▶ _What this task involves_: Look through the listing below for the line containing "Fondo abstracto de". Copy it and each line after it up to and including the line containing "Икона Sima-land Святой Николай Чудотворец, 6", exactly, leaving out pictures.

▶ _Input for this task_:
'''
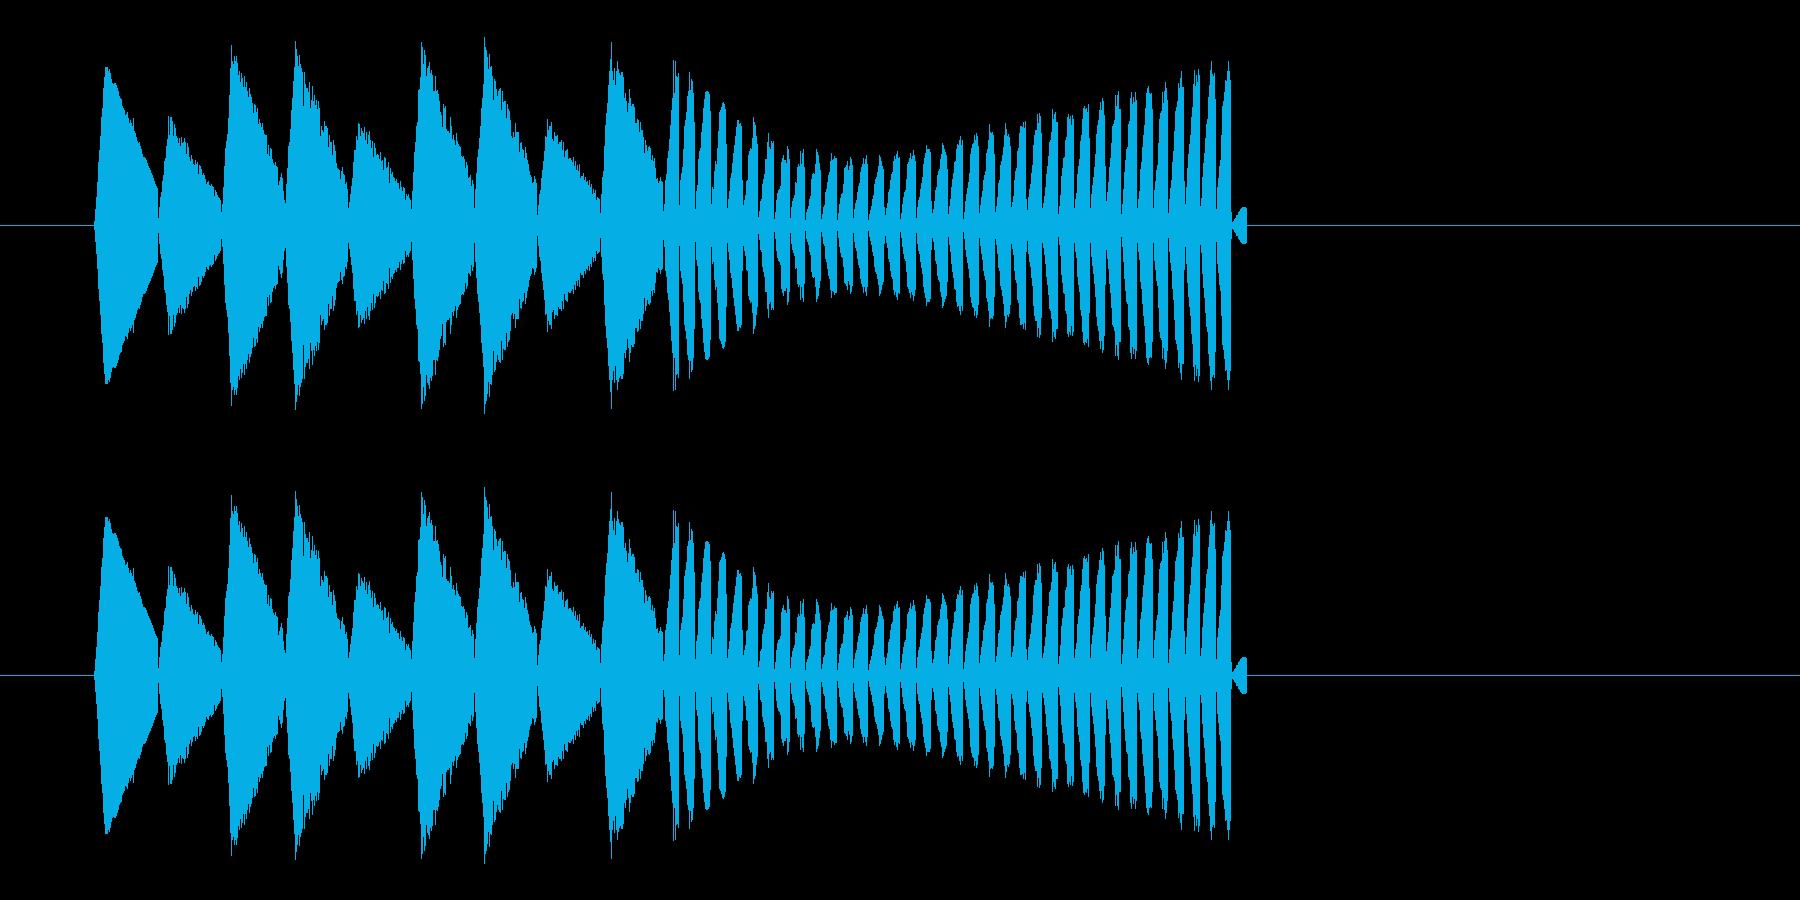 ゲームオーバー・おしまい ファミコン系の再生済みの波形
'''
'''
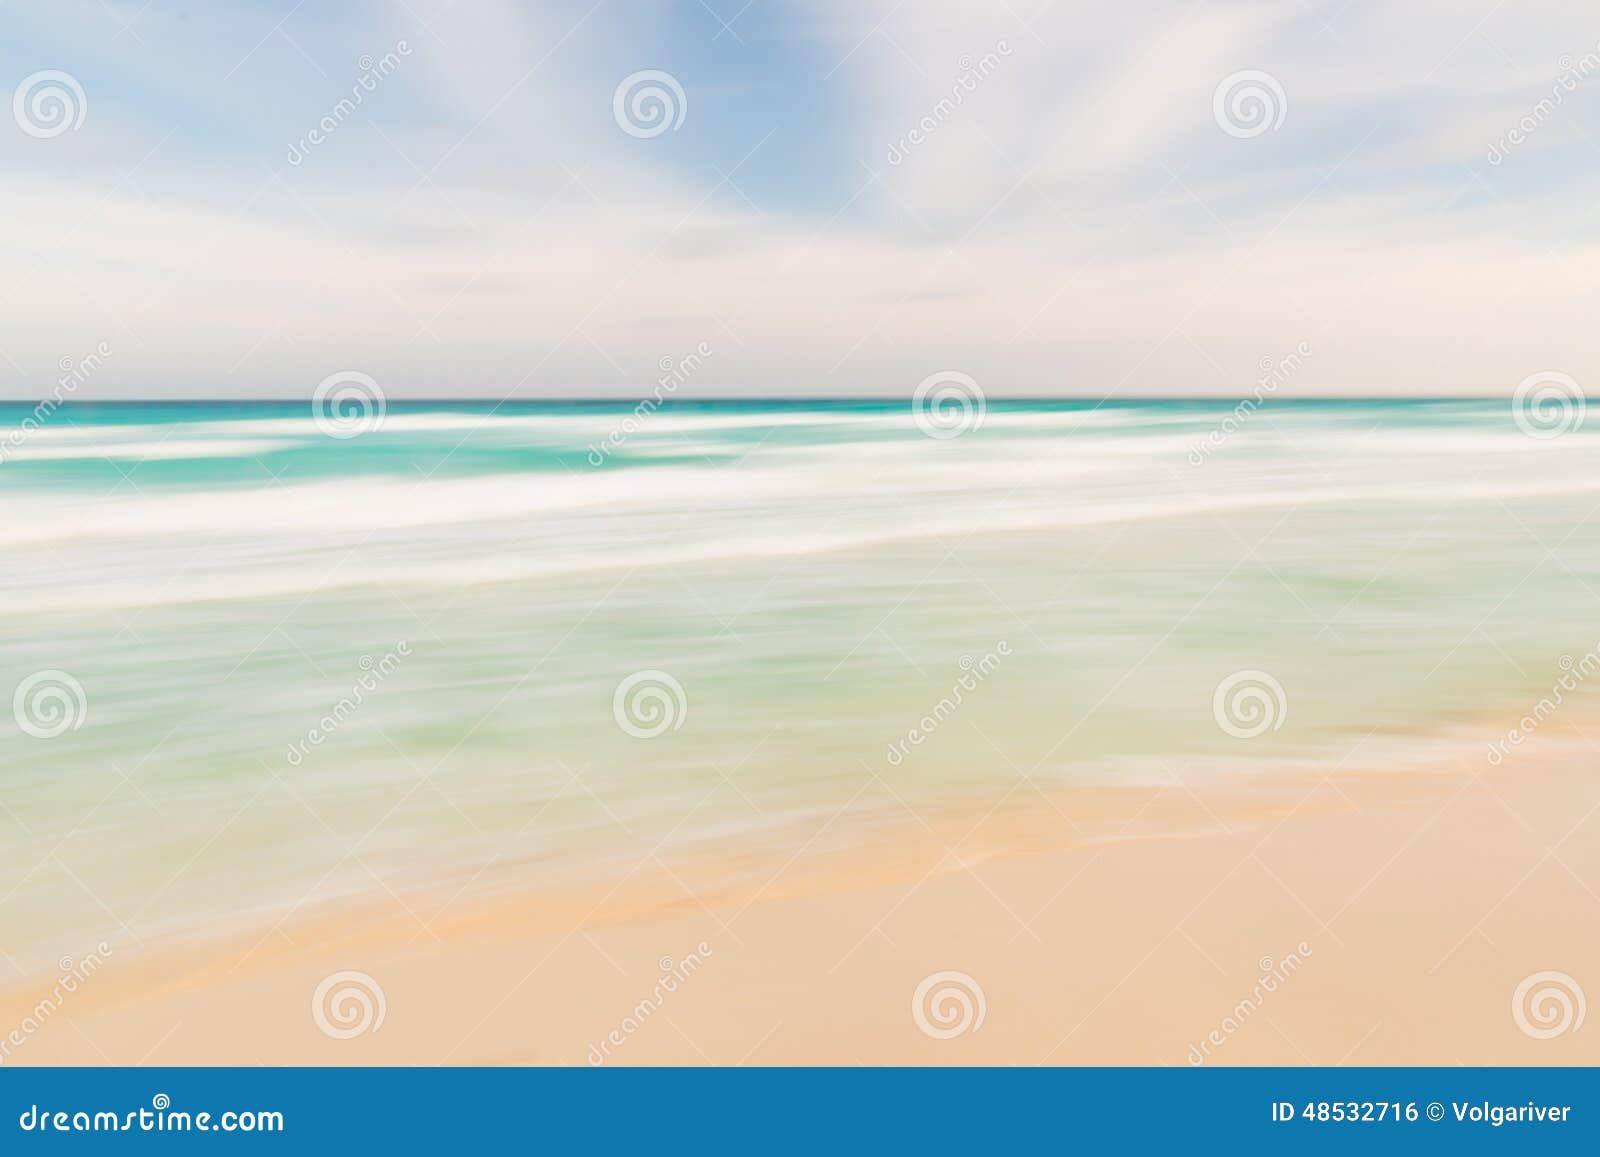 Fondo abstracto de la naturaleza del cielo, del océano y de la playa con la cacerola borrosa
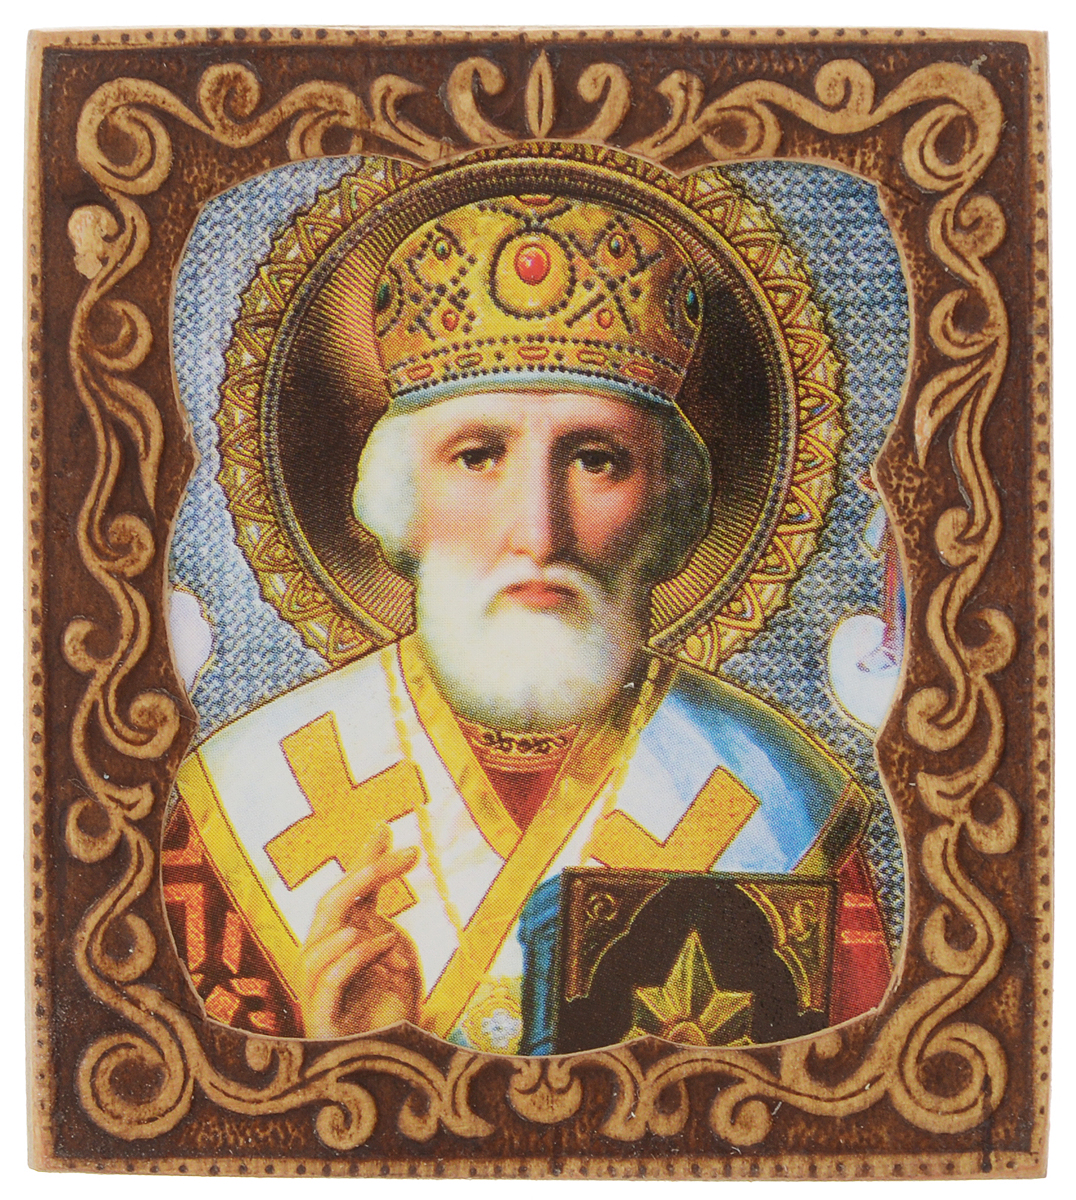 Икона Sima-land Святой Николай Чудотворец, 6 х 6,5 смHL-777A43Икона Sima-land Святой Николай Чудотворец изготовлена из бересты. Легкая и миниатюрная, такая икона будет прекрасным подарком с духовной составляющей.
'''
▶ _Solution for this task_:
 Fondo abstracto de la naturaleza del cielo, del océano y de la playa con la cacerola borrosa
 Икона Sima-land Святой Николай Чудотворец, 6 х 6,5 смHL-777A43Икона Sima-land Святой Николай Чудотворец изготовлена из бересты. Легкая и миниатюрная, такая икона будет прекрасным подарком с духовной составляющей.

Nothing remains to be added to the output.